Even if they are , I will not be going to Aarons, its to far for me to go for the day, plus I am not getting any frogs from Mark at the moment . I would like to attend a meeting and this one might be the closest for a while.


----------



## NathanB

Anyone anything from andys orchids? I'm doing an oder tomorrow.


----------



## NathanB

anyone have any Phyllobates vittatus?


----------



## herper99

I am still female heavy with my imitators.

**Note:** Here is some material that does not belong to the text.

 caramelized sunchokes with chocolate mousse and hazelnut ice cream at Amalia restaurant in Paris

Does anybody have a definite male they are willing to sell or trade? 

I am also hoping to obtain some tarapoto's from Mike.

I will have various froglets and plant cuttings available too.

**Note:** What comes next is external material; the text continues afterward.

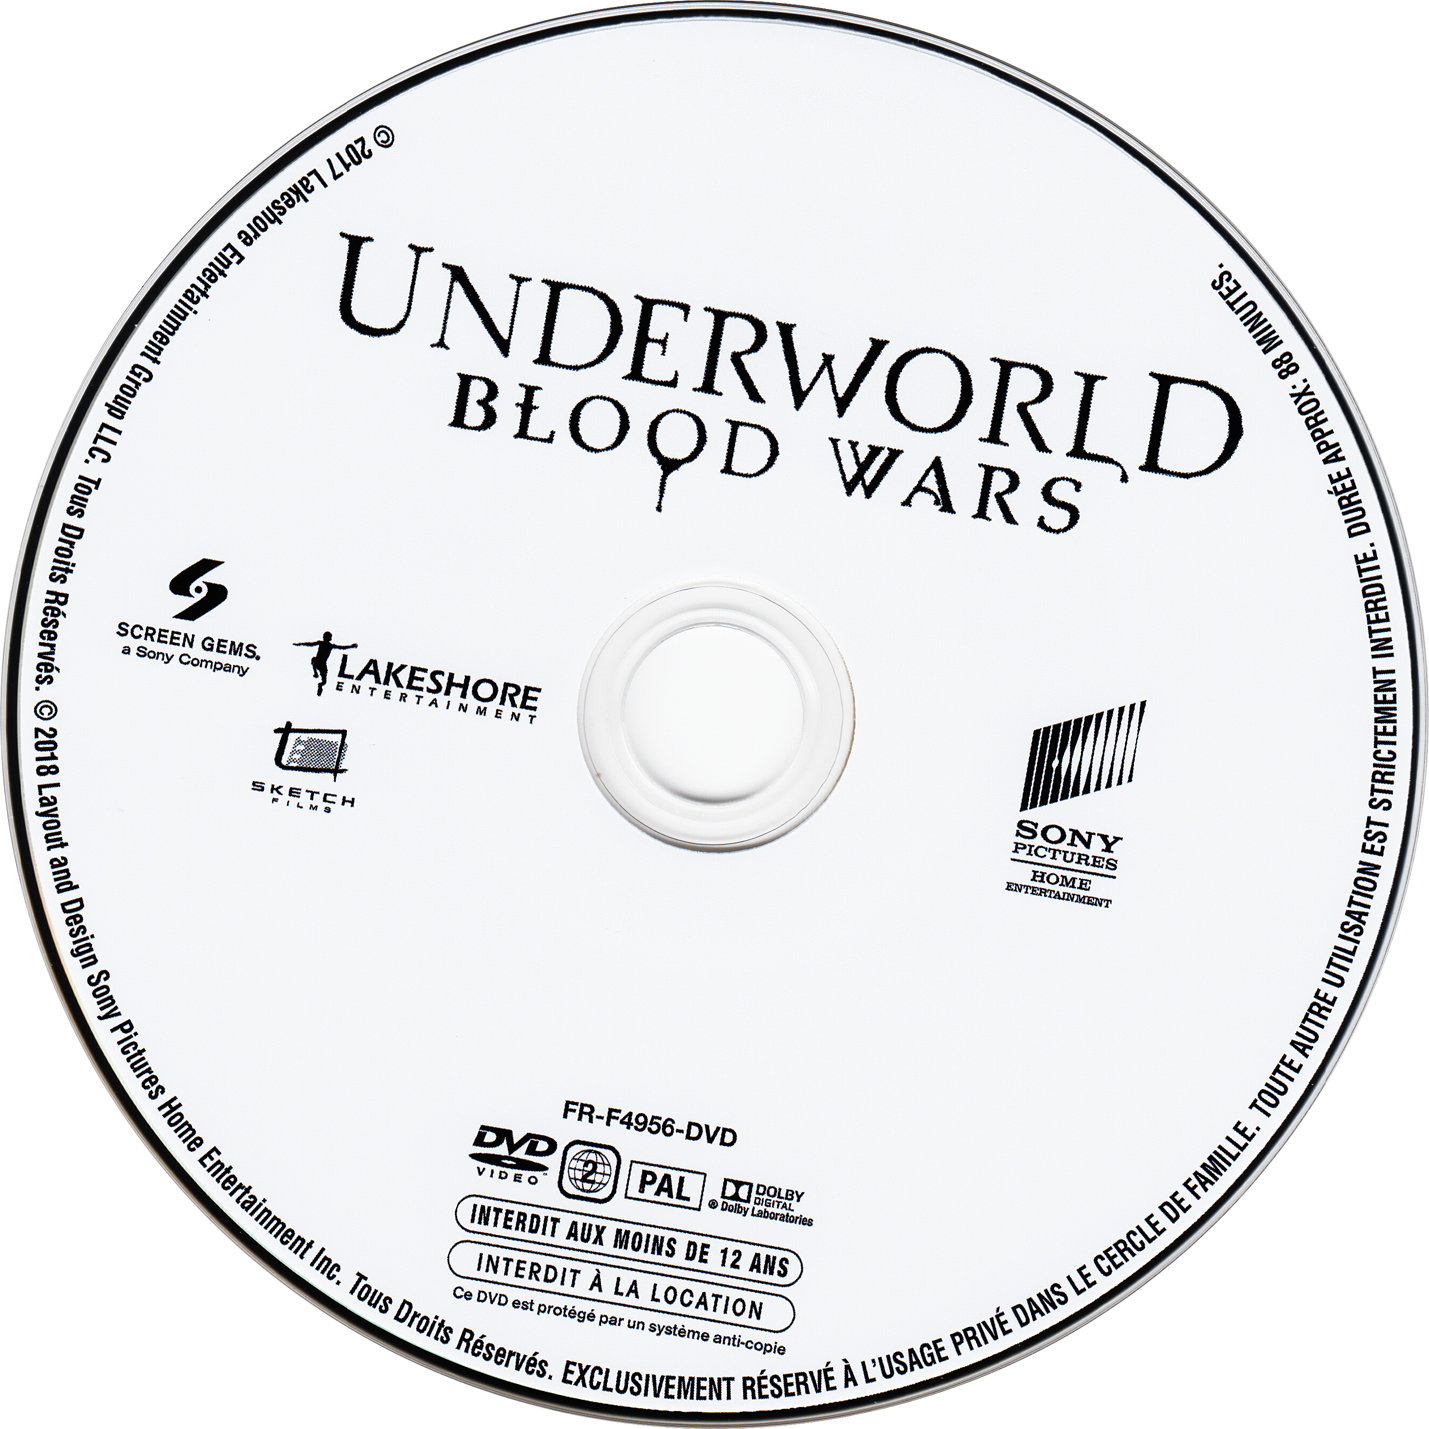 Underworld blood wars

P.S. While my place is not huge, I have accommodated large groups of people before. I have a relatively small..ish (standard bedroom size) frog room, but I have a full finished basement with a bar and pool table if you wish to partake..... The wife will be making some "picky" food, but we will probably order pizza (or what ever you want from the pizza/sandwhich shop) after everybody arrives.

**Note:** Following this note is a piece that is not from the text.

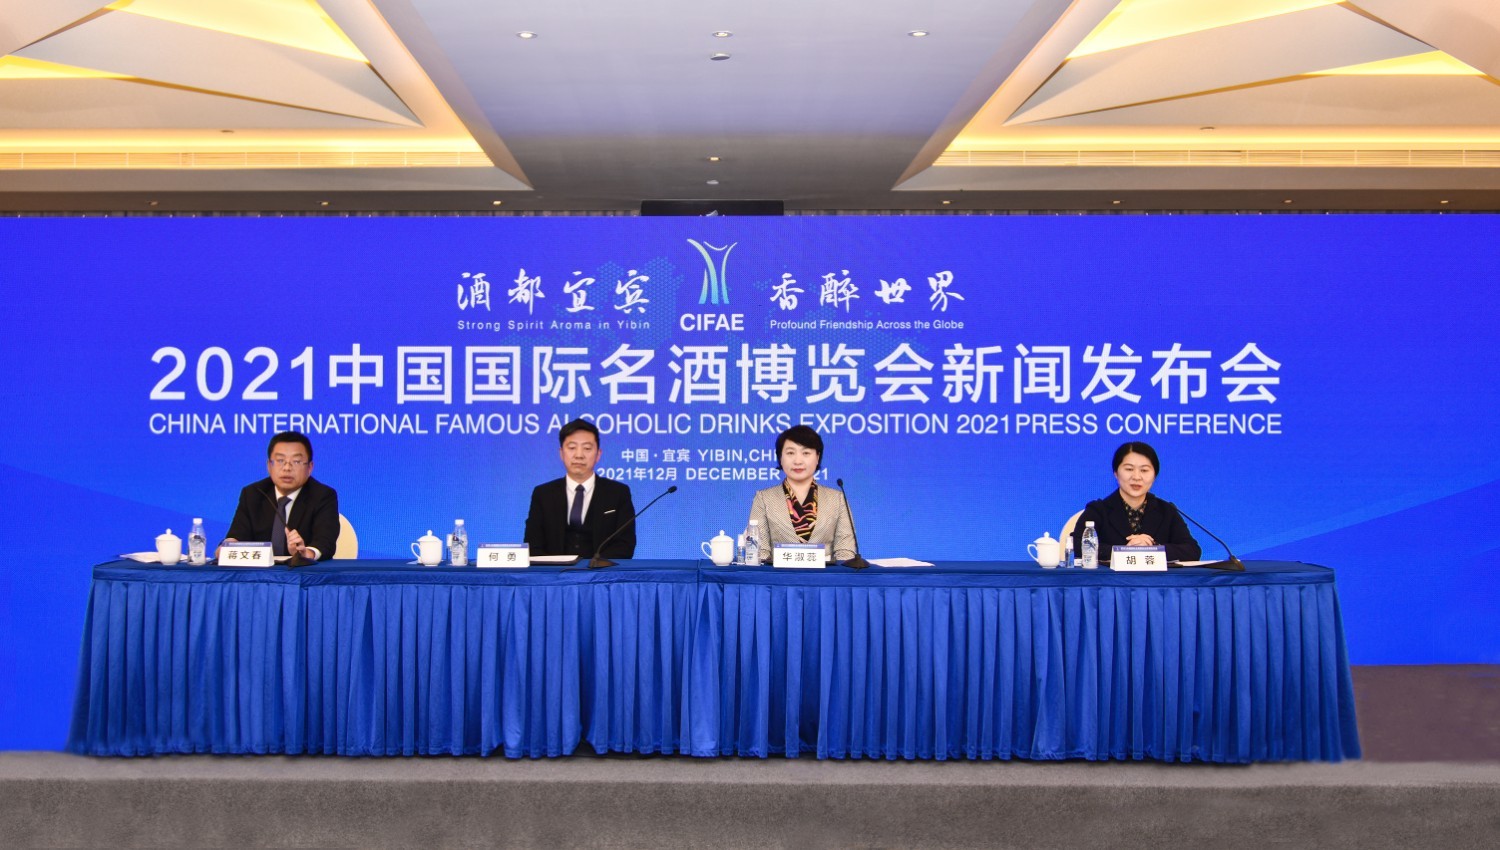 2021中国国际名酒展览会将于12月17日在四川宜宾开幕

I will set up a table for swapping/selling stuff. 

And, for those of you who have been to my place before, you are in for a surprise.....I spent the last 3 days rearranging and organizing the frog room. I purchased some large racks to better display all the tanks. 

I'm stoked guys! March 7th at Noon. If you haven't yet signed up for the MADS mailing list, do it. I will be sending my address and specifics out on that.


----------



## Corpus Callosum

A friend of mine in brooklyn has some vittatus I can get for you, how many?


----------



## flyangler18

Corpus Callosum said:


> A friend of mine in brooklyn has some vittatus I can get for you, how many?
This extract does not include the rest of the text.